I have been working on some Indy Deacls to work with the Aurora Indy body. Here is my first set. Its a Bowes Fast Seal Special shown on a BRP Indy Body. I like th larger driver on BRP's Indy Body.


----------



## vaBcHRog (Feb 19, 2003)

Here is the second set of decals I am working on. Its a Martin Brothers special comes as 22 or 42 with the only difference is the side stripe.


----------



## clydeomite (May 5, 2004)

Nice work Roger:thumbsup: I think you are covering a part of the market that has been neglected .
Clyde-0-Mite


----------



## vaBcHRog (Feb 19, 2003)

New Firebird Pure Special Decals



















New Texco Special


----------



## slotcarman12078 (Oct 3, 2008)

Looking sharp Roger!! :thumbsup::thumbsup:


----------



## roadrner (Jul 21, 1999)

Definetly dresses them up! Looking good. :thumbsup::thumbsup: rr


----------



## Ralphthe3rd (Feb 24, 2011)

Hey Rog, I just wanted to comment on your background diorama, it looks very nice, did you make it yourself ? Also, do you actually race your cars on a Slot track, or just display them on the dioramas ?


----------



## vaBcHRog (Feb 19, 2003)

I bought it off ebay a couple years ago it came witha couple 1/43 Ford Angelicas.

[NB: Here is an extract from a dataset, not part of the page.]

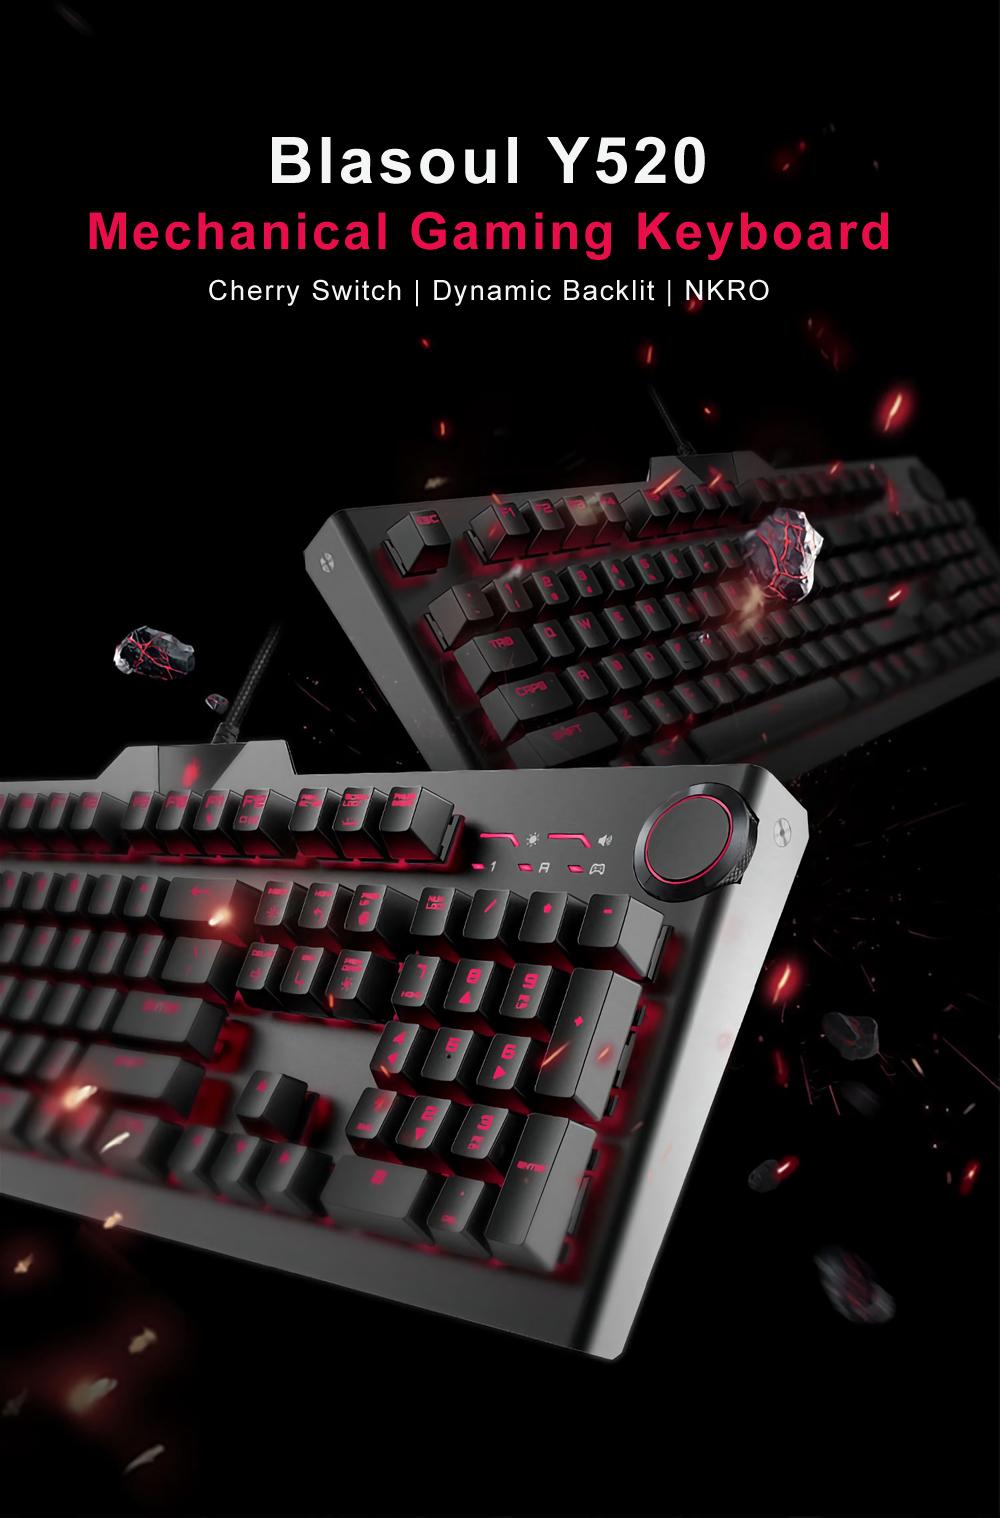 Blasoul Y520 Gaming Mechanical Keyboard 104 Keys 15 Rgb Backlight Ducky One Black Non Backlit Cherry Mx Blue Switch 1000hz Wired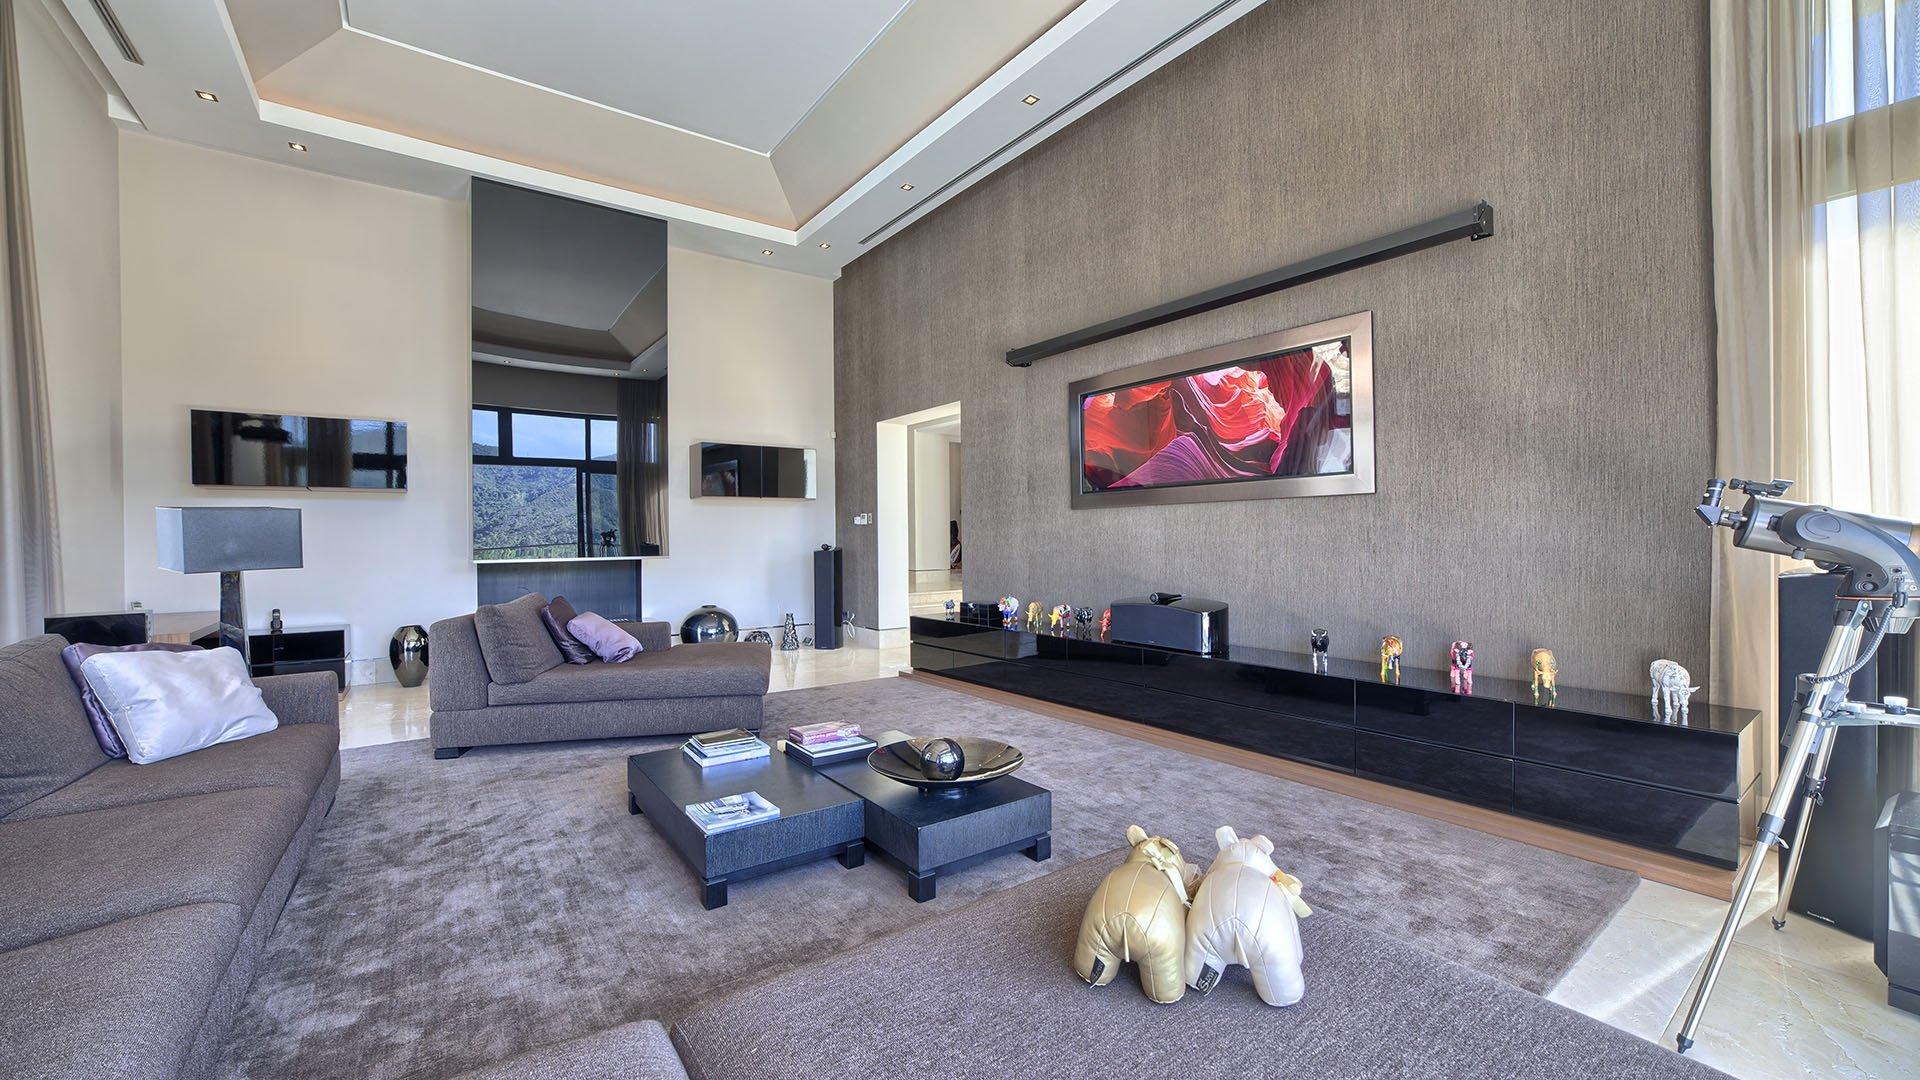 Villa La Zagaleta F1-30: Sensationele villa met onovertroffen landelijke uitzicht

I have a track in my garage. I have been thinking about making a close to 1/43rd scale small Indy style car track.

Here is on similar to what I bought but it was much cheaper. ebay

Roger Corrie


----------



## dtomol (Mar 30, 2005)

*Resin Cast Bodies*

I was wondering if you still have your old resin Molds? I know you made a Rebel Machine as I purschased one from You. Could you make more? You also made a mid 1990 Mustang that would be very cool. You at one time had talked about how to make clear windows by using the clear glue for model airplanes. Do you have a list of the molds you have made.


----------